После заседания думы Вельяминовы, отец и сын, вышли вместе, посажались на коней.
— Погубит меня когда-нибудь Андрей Акинфов! — в сердцах молвил Василь Василич, отъезжая от княжеского терема. Иван сплюнул, сузив глаза:
— Еще один боярин на нашу голову!
Повторил, наконец, вслух то, что сверлило мозг:
— Кого из вельмож возможет Дмитрий нарядить во твое место?
Василий скоса глянул на сына, пожал плечом, отмолвил погодя:
— Не ведаю!
Князь Дмитрий, почуявший вновь, что произошло какое-то «не то», последовал за владыкою.
— Пуще всего, сын, — говорил Алексий наставительно, — блюди лад и ряд в боярах! Каждому поручай дело по силам его и по возможностям, дабы и празден не был, и утешен работою, и не растил в сердце своем зависти к иным! Надобно привлекать все новых мужей брани! И потому твой долг — мирить! Больше бояр — боле силы ратной!
— Тяжко мне! — возражал Дмитрий с детским прежним упрямством. — Владимира послали Псков стеречь, а меня — охотиться на волков!
— Не един раз молвлю тебе, — терпеливо ответствовал Алексий, — ты пастух стада своего, а не воин! Тебе надлежит смирять и вознаграждать! Вот когда худшая беда нагрянет, тогда и ты встанешь во главе ратей!
— Мыслишь, Михайло не прекратит брани?
— Нет, не смирился его дух! И, чую, минувшая беда — токмо начало великой при с Литвою и Тверью! Все мои слабые силы употребляю теперь, дабы святыми глаголами задержать беду! Ныне пишу в патриархию. Верю, Филофей Коккин преклонит слух к молениям нашим!
Они остановились в узком проходе к вышним горницам, где надобно было распрощаться, и Алексий, заглядывая глубоко в очи и душу Дмитрию своим темным всепроникающим взором, повторил:
— Я уже стар, князь! Молю тебя, не допусти свары в доме своем и в волости великого княжения Московского! Зла не имей в сердце!
И Дмитрий опустил глаза, опять не посмев сознаться в ненависти к Ивану Вельяминову.

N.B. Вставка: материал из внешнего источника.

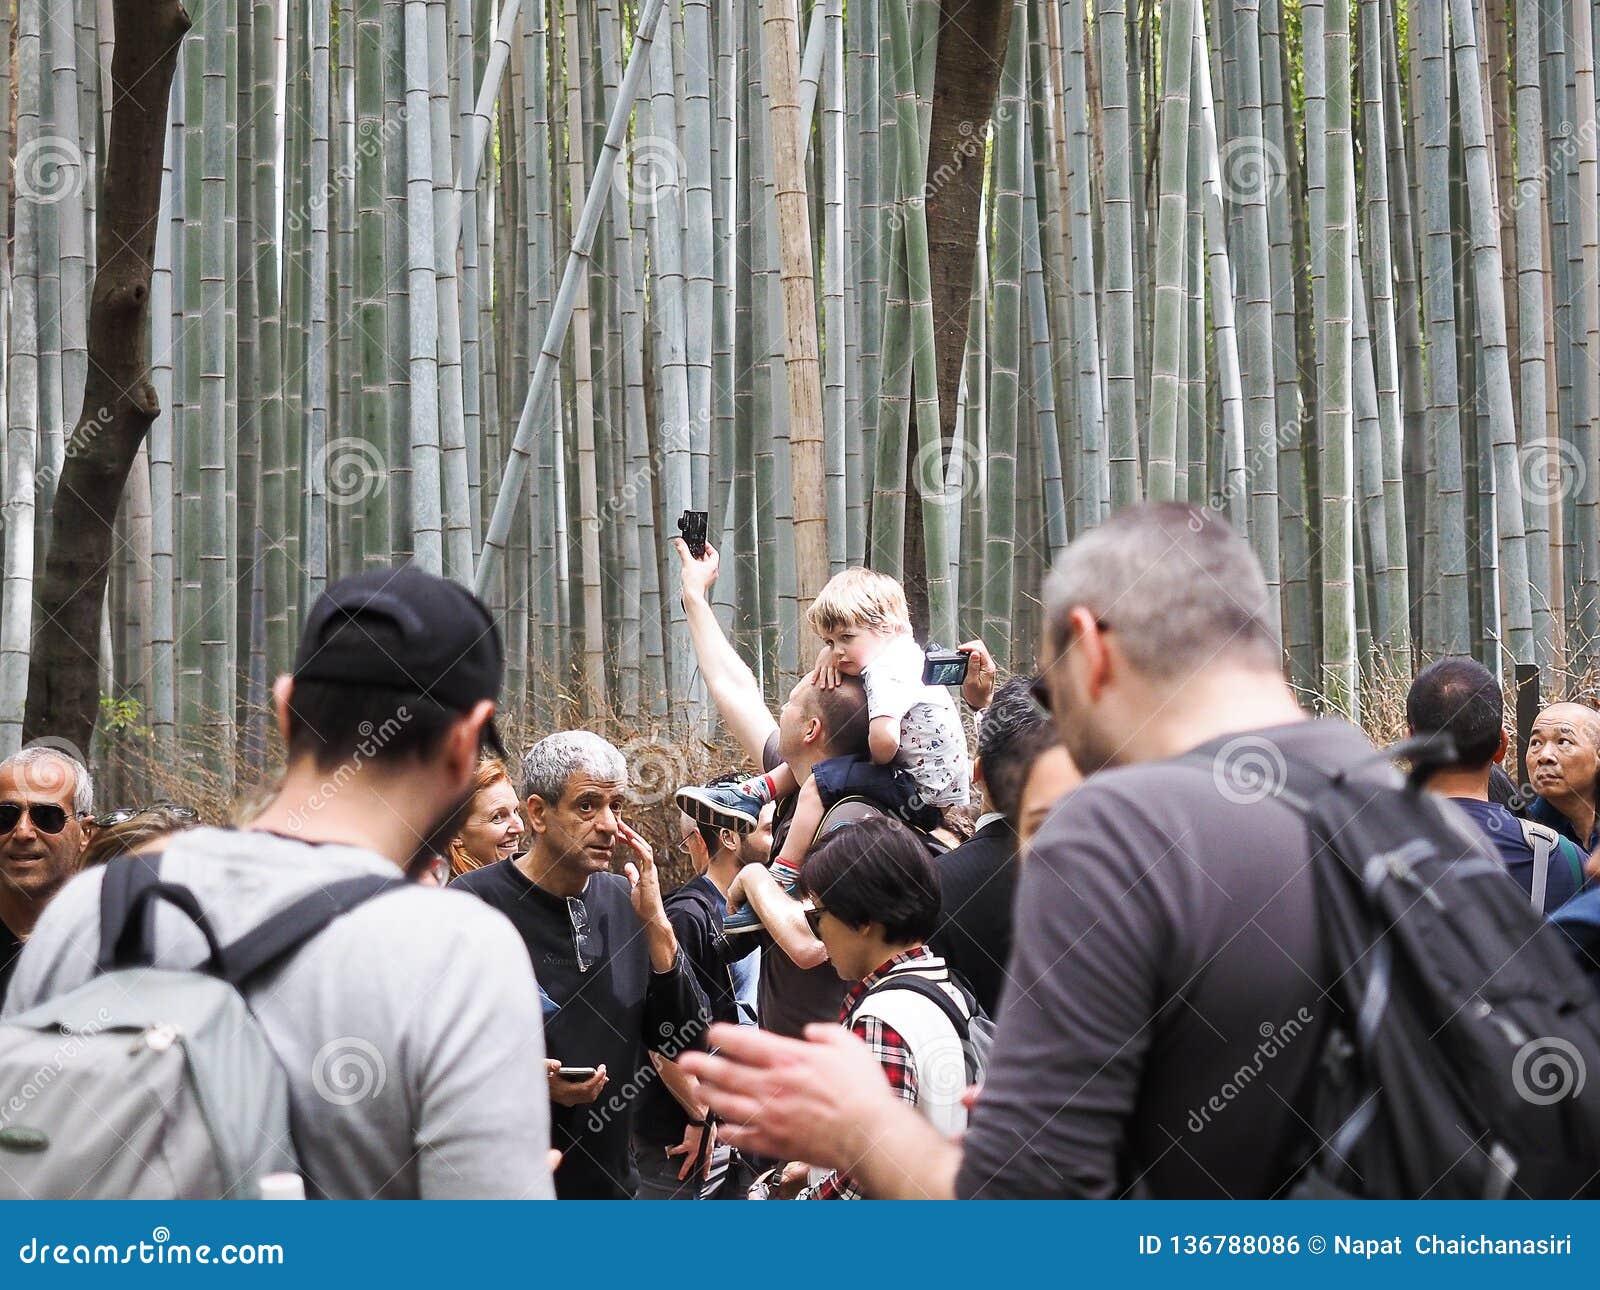 Arashiyama /kyoto, Japan - April 12, 2018 : Chikurin-no-Michi Bamboo Grove and group of tourism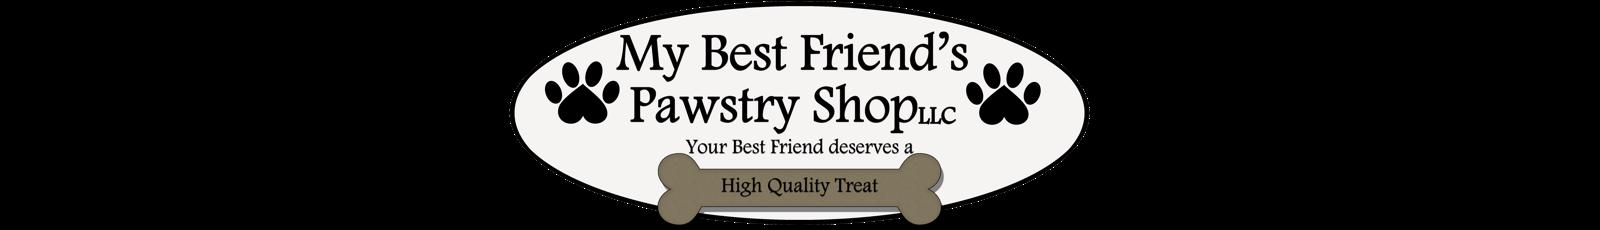 My Best Friend's Pawstry Shop Logo

Расставшись с князем, Алексий вышел, сел в свое закрытое креслице, носимое прислужниками, и молча дал себя нести, поглядывая семо и овамо в слюдяные окошка на суетящихся в улицах Кремника москвичей, а те, завидя крытые носилки митрополита, снимали шапки и кланялись.
Скоро приблизили хоромы митрополичьего двора. Алексий нетерпеливо выглянул. Он сожидал Леонтия, посланного им во Владимир, с часу на час, и был несказанно рад, завидя во дворе знакомого, заляпанного грязью и снегом коня, которого вываживал молодой служка. Леонтий прискакал! Прискакал и вскоре, приведя себя в порядок и оттрапезовав, пожалует к нему.
Он поднялся к себе. Отпустил прислужников. Сидел, полузакрывши глаза и пригорбясь. Свара в думе утомила его. Утомила не сама по себе даже, а теми мыслями и опасениями, что всколыхнулись в душе.
Возможет ли князь Дмитрий без него, Алексия, собирать и съединять все это прегордое скопище вельмож, с их местническим счетом и опасениями, как бы кто кого не «пересел» и не «заехал»? А принимать надобно и иных — многих! В сем одном преграда Литве! А ежели не возможет сего князь? И что тогда?
Что-то надо решать и с должностью тысяцкого. Василий Вельяминов стар, уже стар! А ежели меня не будет? Как, чем закрепить надобное земле единение вятших с меньшими и друг с другом? И чем объединить, помимо порядка и счетов местнических?
Дьявол ходит в миру, дьявол огорчает сердца, вызывает резню, зависть, укоризны и злобы, и надобно ежедён, ежечасно побеждать его, раз за разом, день за днем! Поперечных друг другу — даже и умных, талантливых — погубит любой враг, и тогда уже не стоять земле!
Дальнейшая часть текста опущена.